▸ Task to carry out:
Restate the listing below exactly, images excluded.

▸ Provided material:
══════
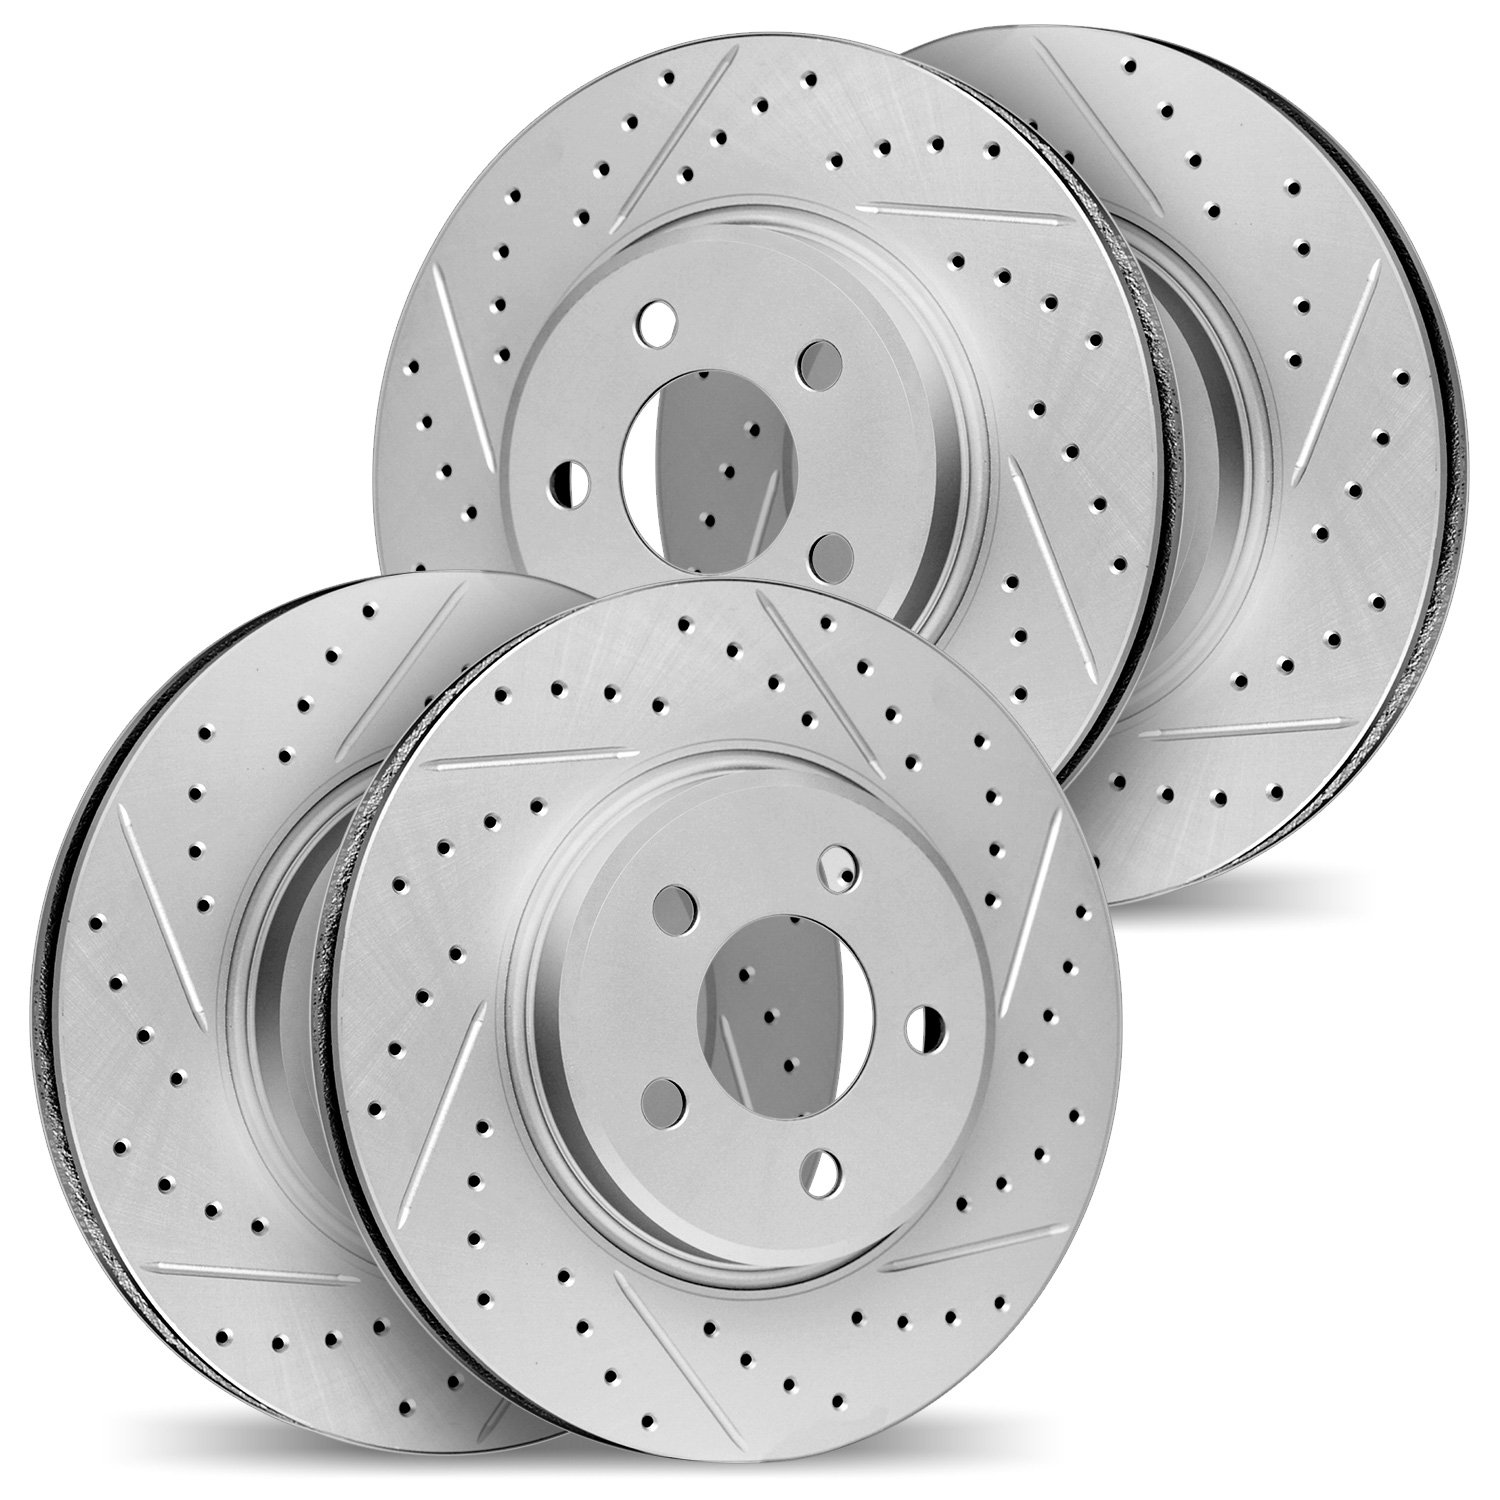 2004-10001 Geoperformance Drilled/Slotted Brake Rotors, Fits Select Kia/Hyundai/Genesis, Position: Front and Rear
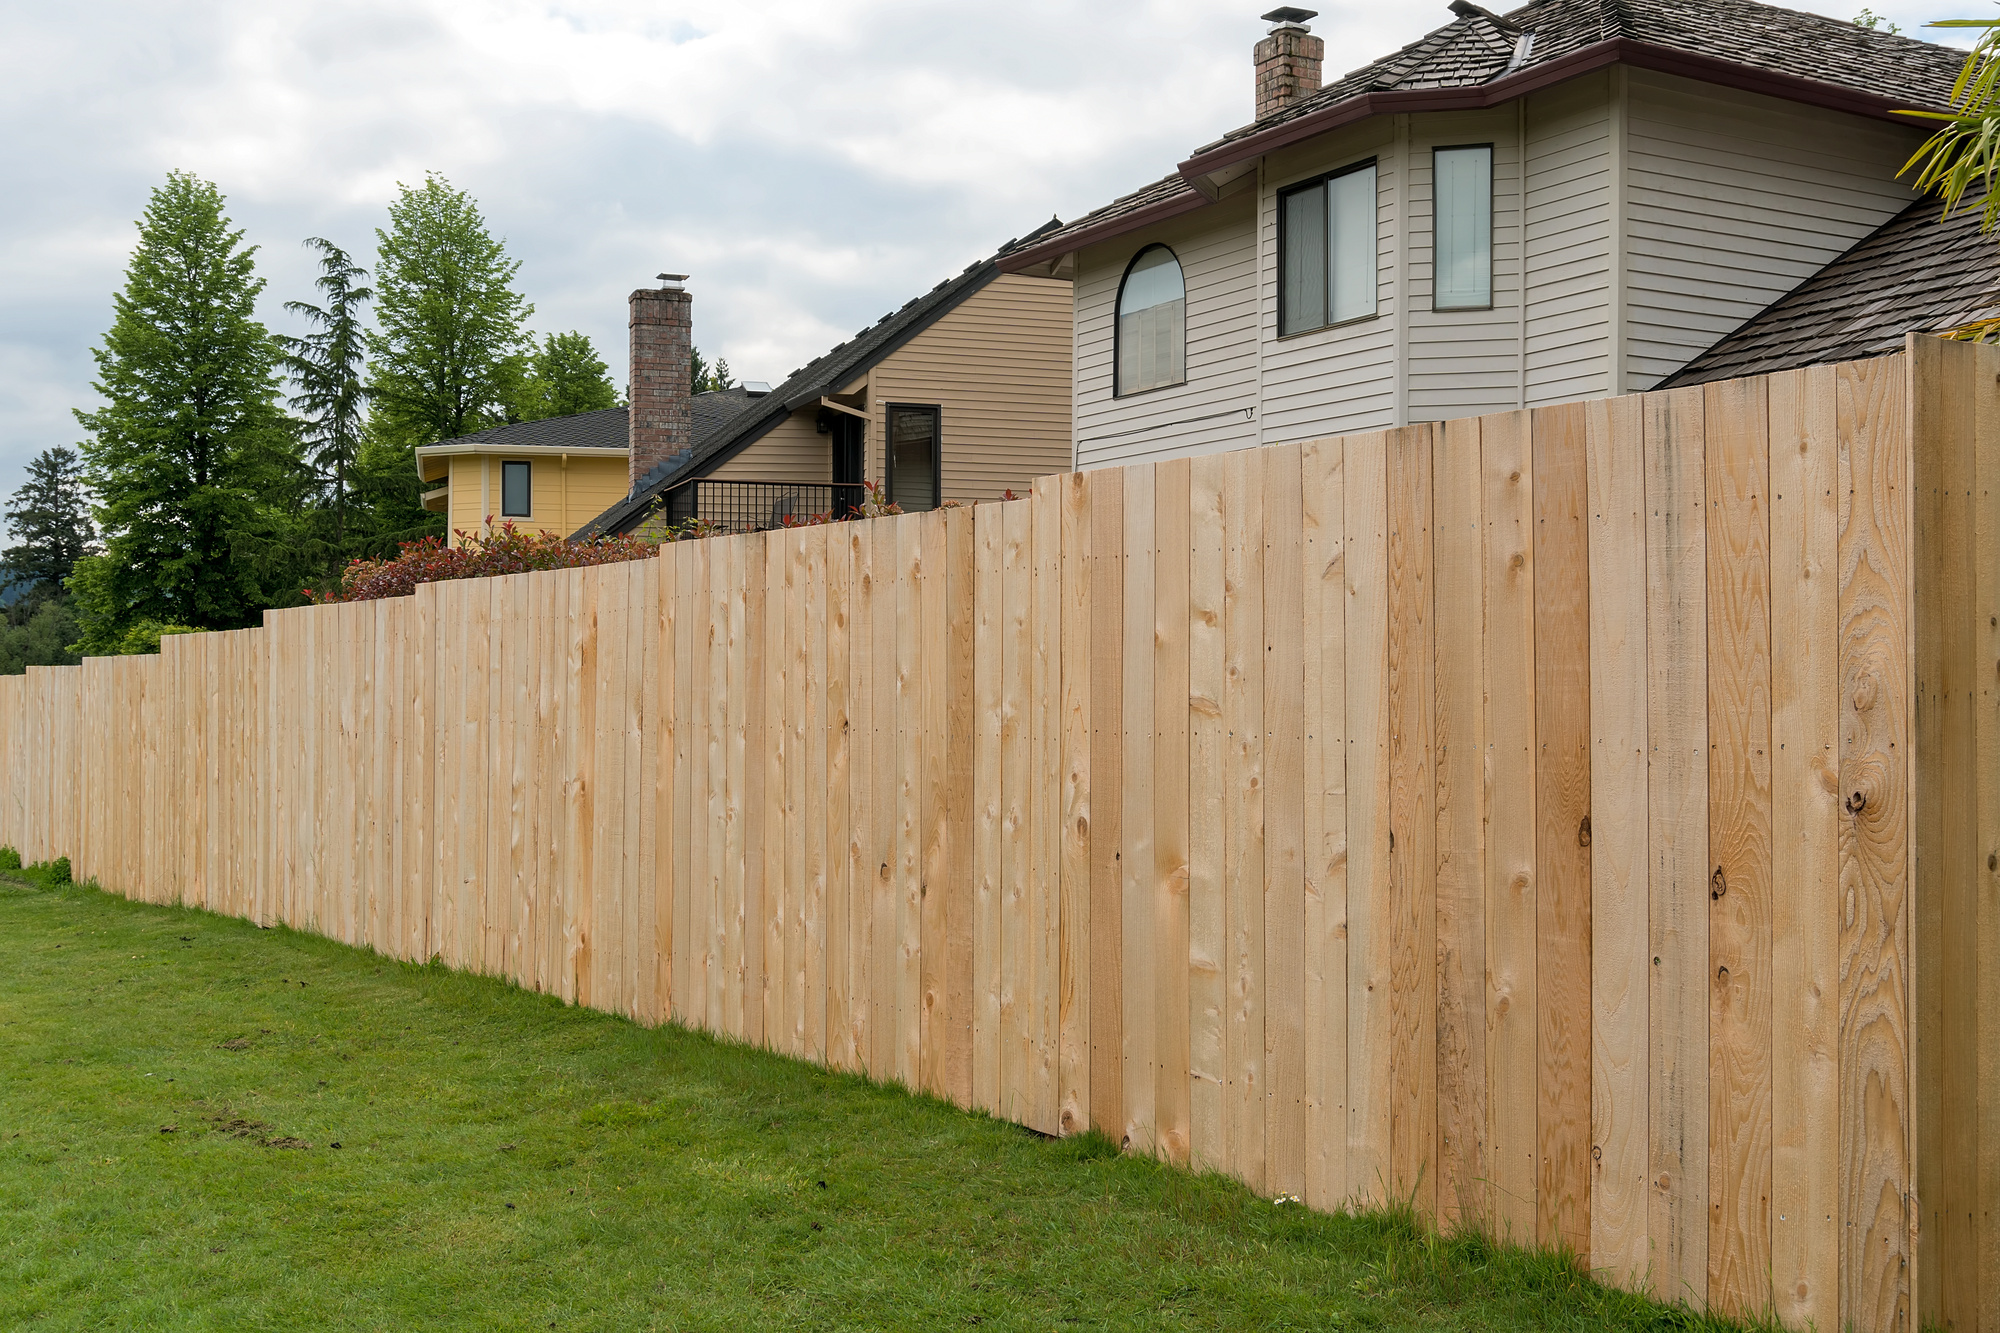 When it comes to installing a new fence at your home, explore the differences between a vinyl and wood fence when deciding which material is best for you.
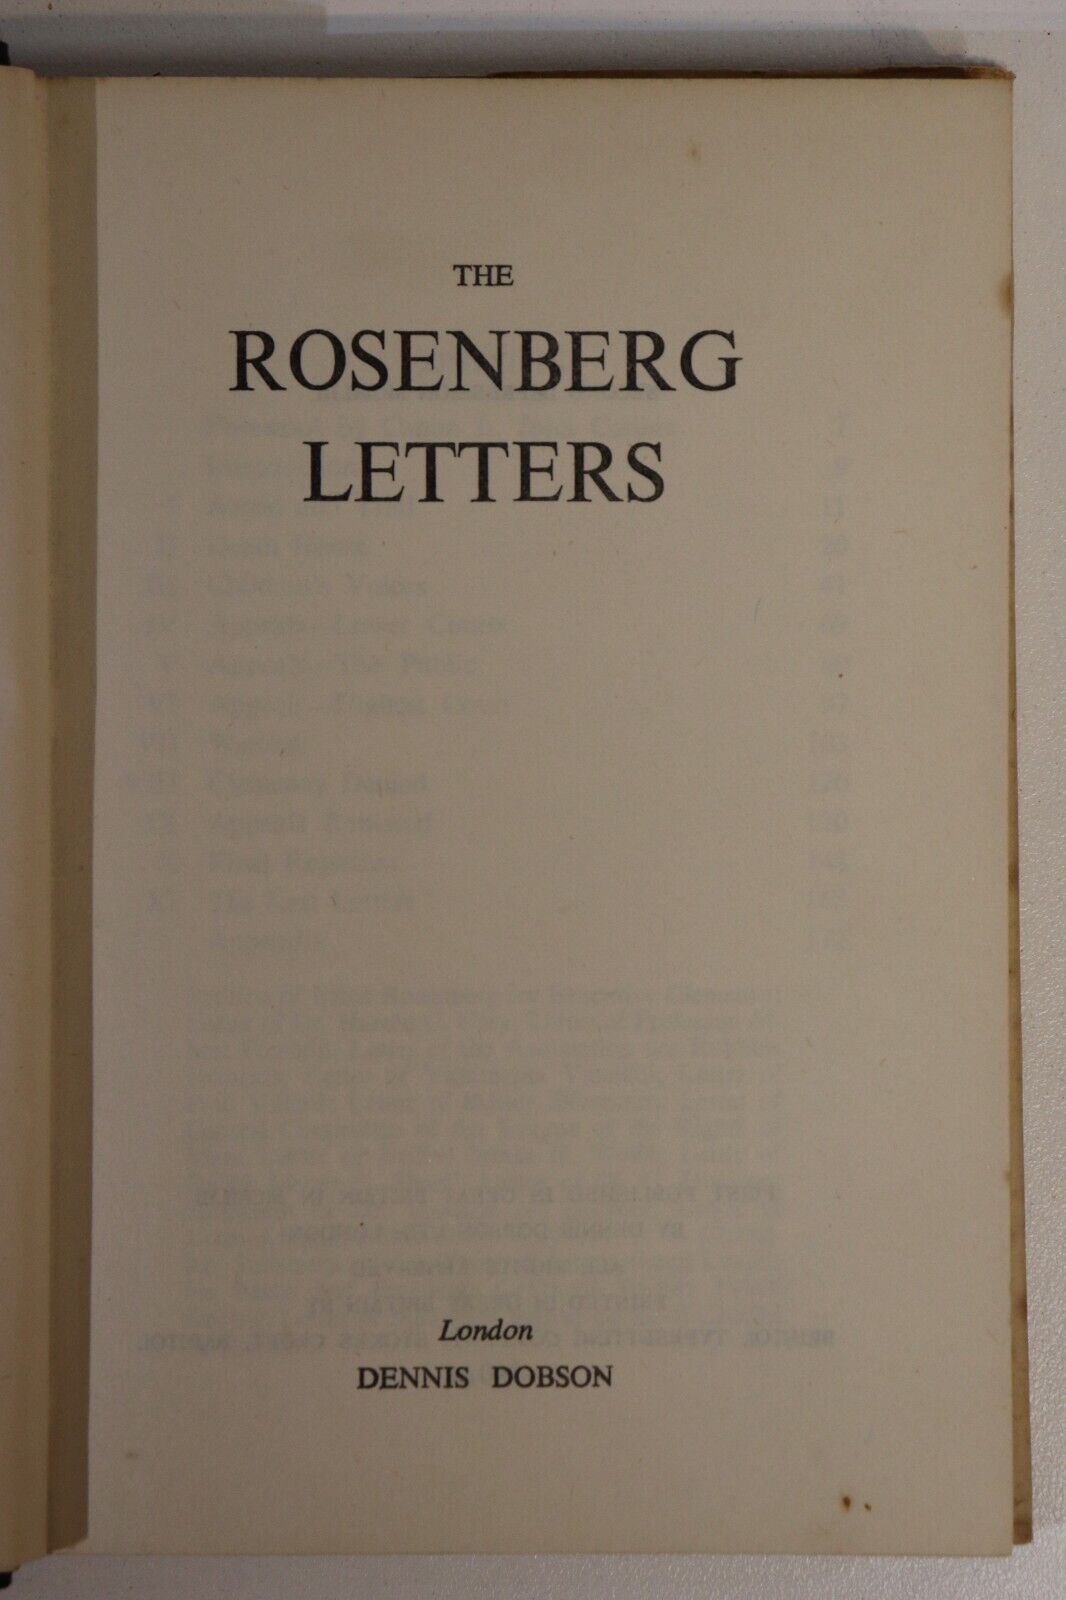 The Rosenberg Letters - 1953 - American History Book - 0
══════
▸ Response to this task:
 2004-10001 Geoperformance Drilled/Slotted Brake Rotors, Fits Select Kia/Hyundai/Genesis, Position: Front and Rear
 When it comes to installing a new fence at your home, explore the differences between a vinyl and wood fence when deciding which material is best for you.
 The Rosenberg Letters - 1953 - American History Book - 0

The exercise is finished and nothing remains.